Your objective —
Please copy the lines below, exactly as they are, from the one with "Banana riding bicycle funny t-shirt design" through the one with "SCM-240 Einbau-Industrie-Monitor mit", and leave out the pictures.

Data records —
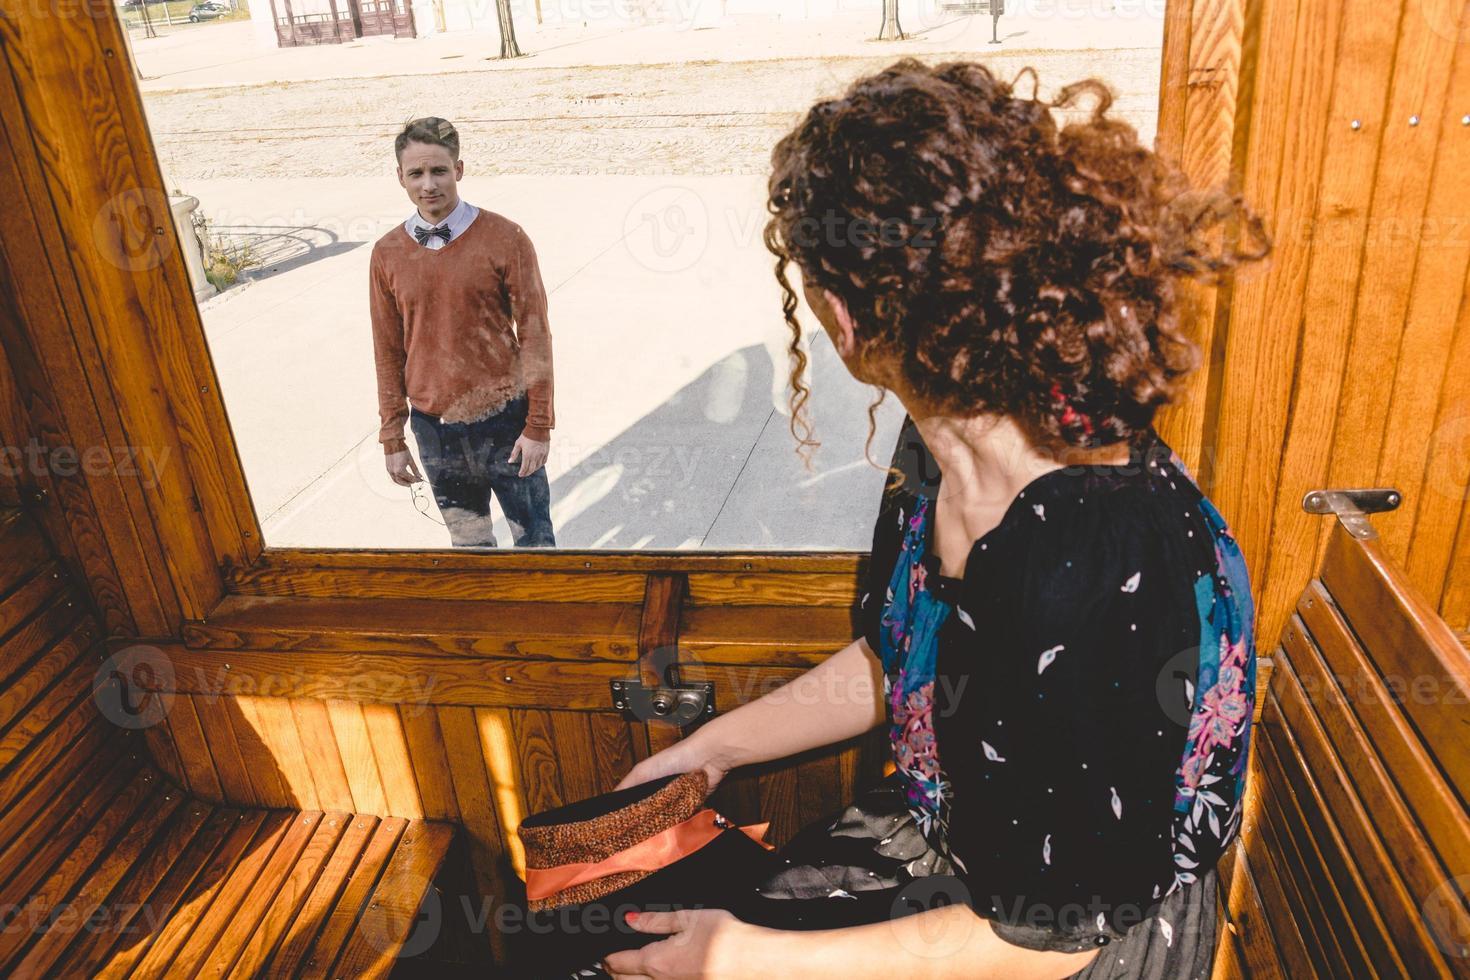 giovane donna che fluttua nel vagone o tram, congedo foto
---
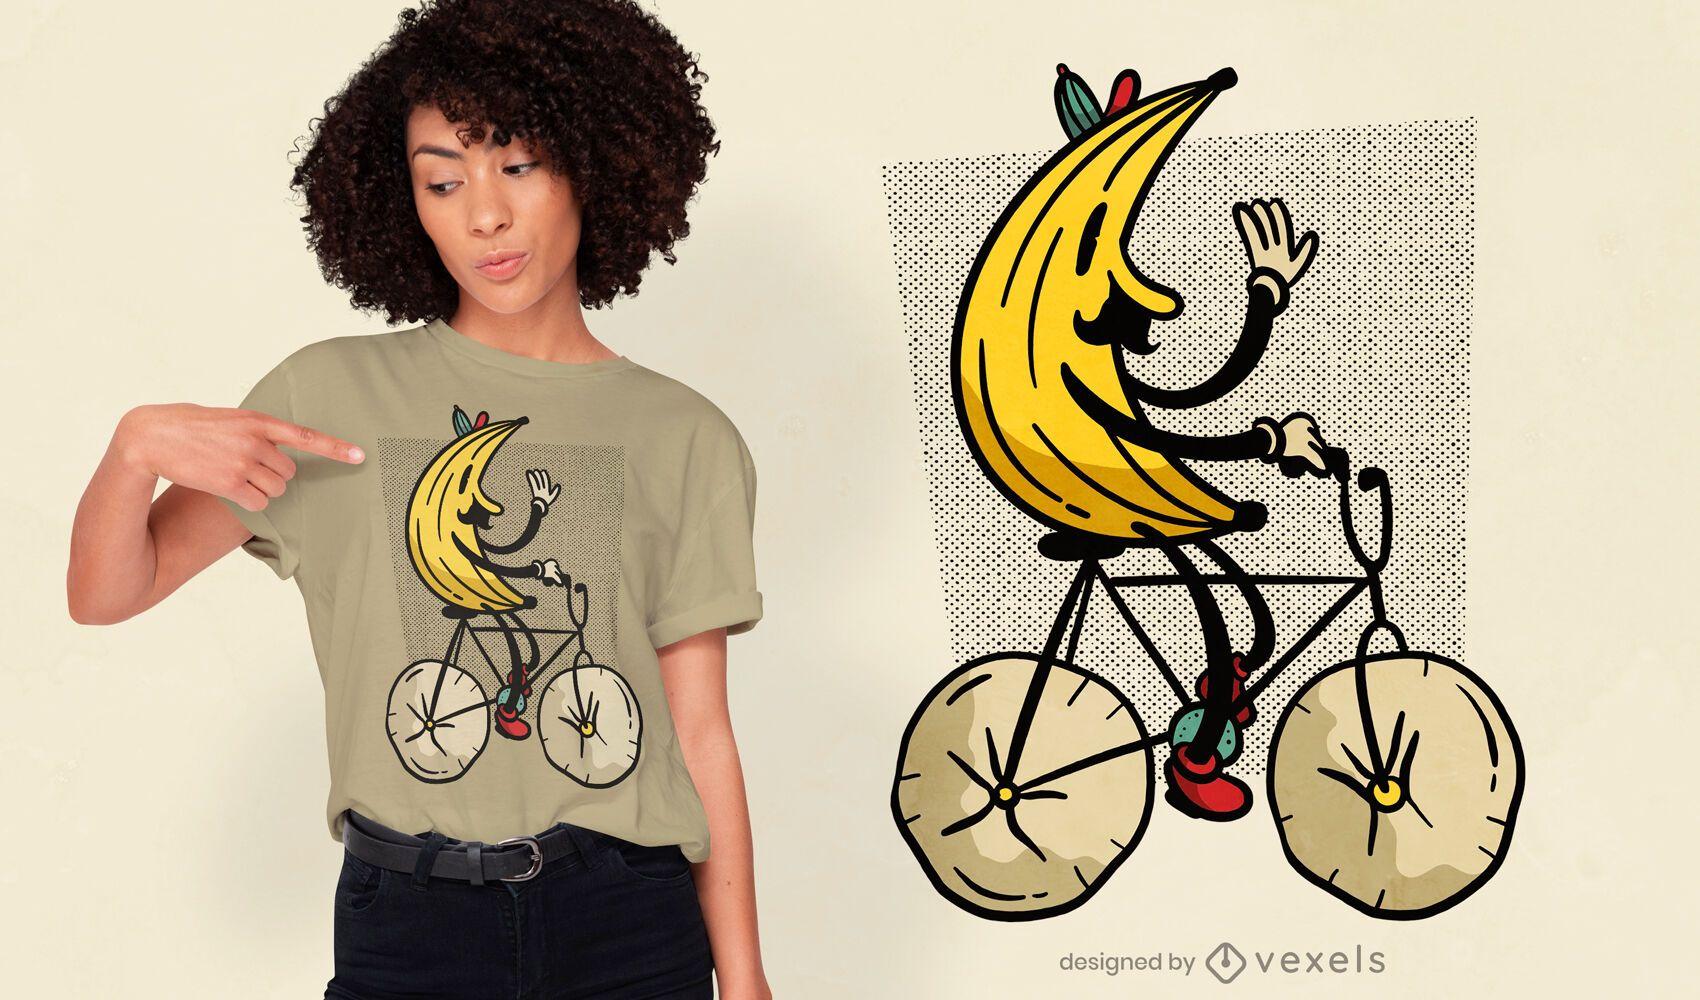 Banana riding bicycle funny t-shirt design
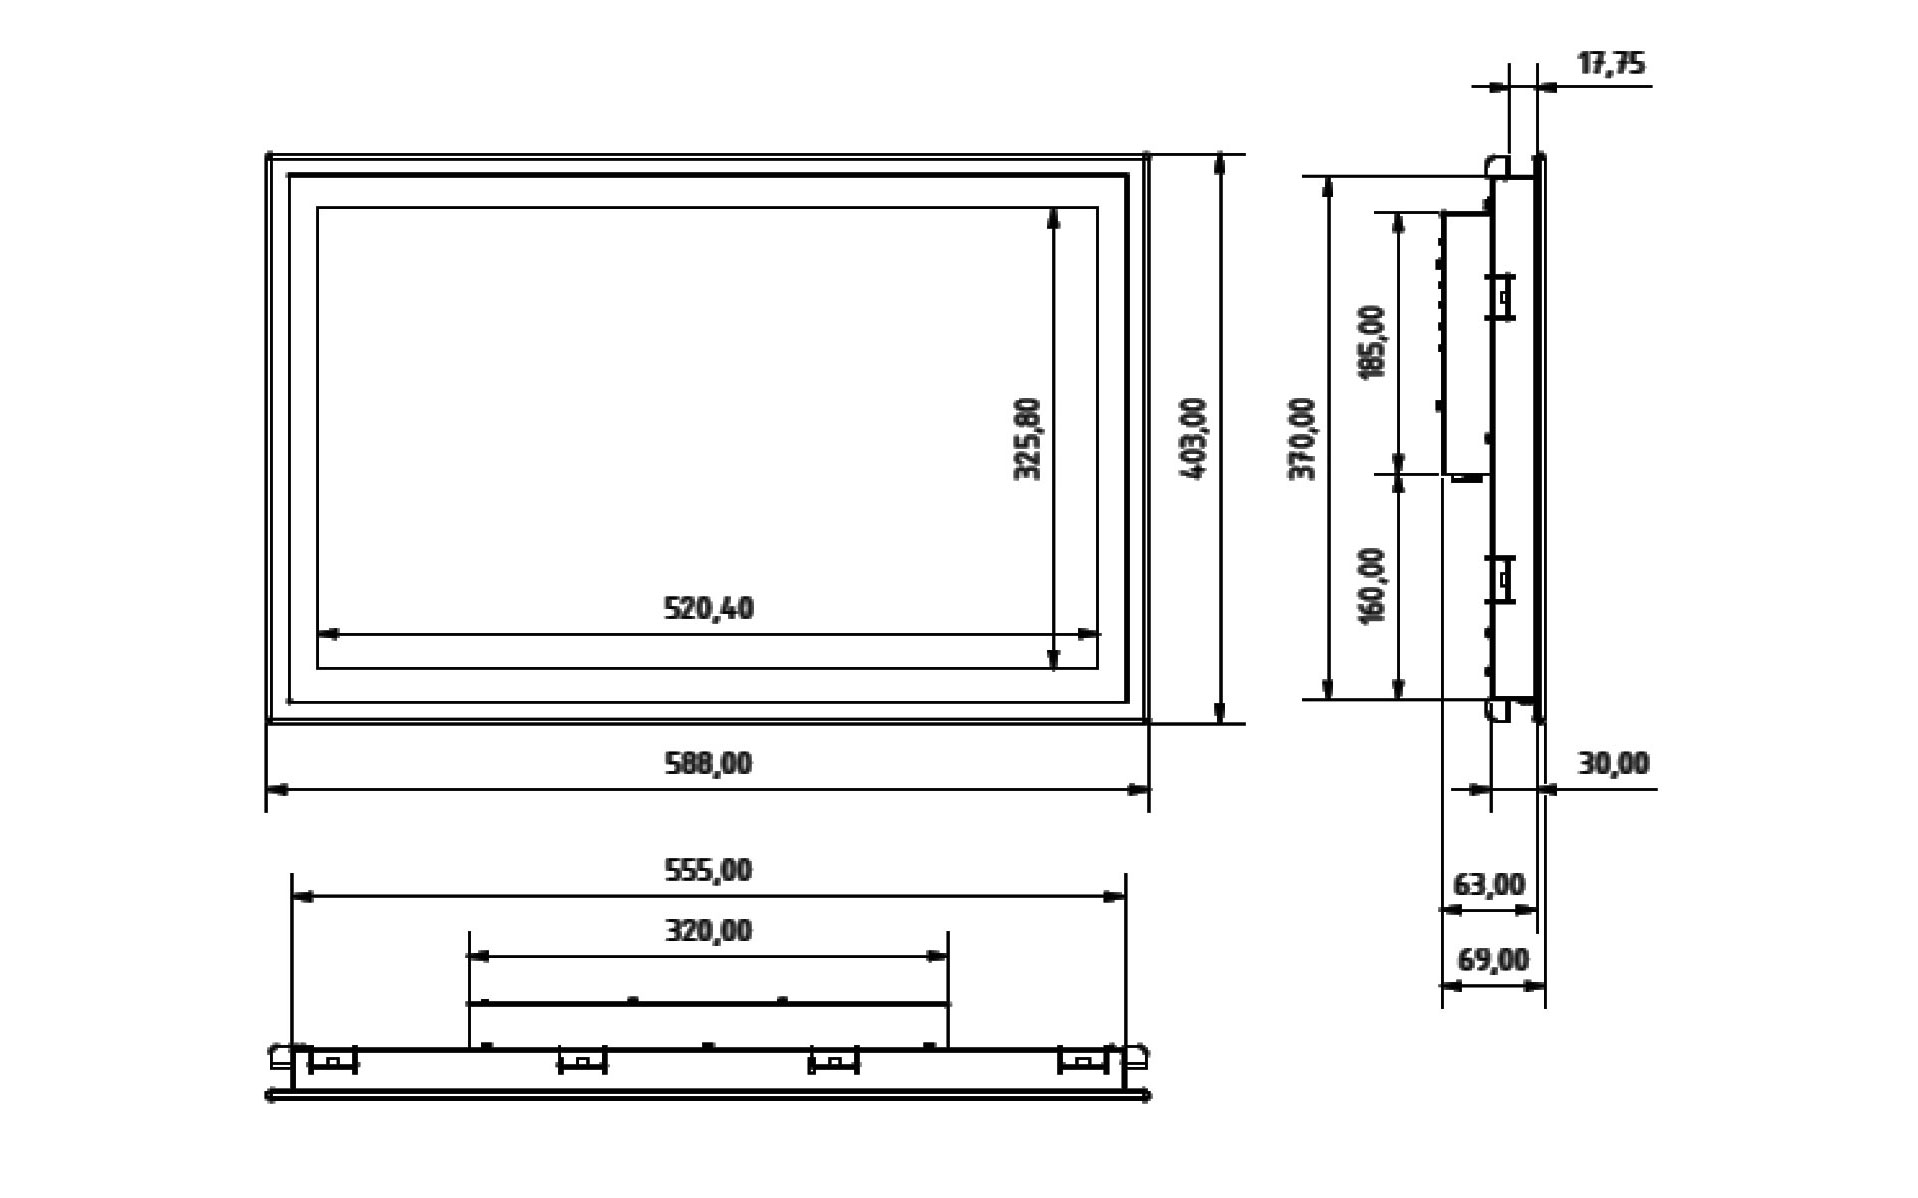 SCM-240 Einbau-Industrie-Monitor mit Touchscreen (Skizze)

Output for this task —
 Banana riding bicycle funny t-shirt design
 SCM-240 Einbau-Industrie-Monitor mit Touchscreen (Skizze)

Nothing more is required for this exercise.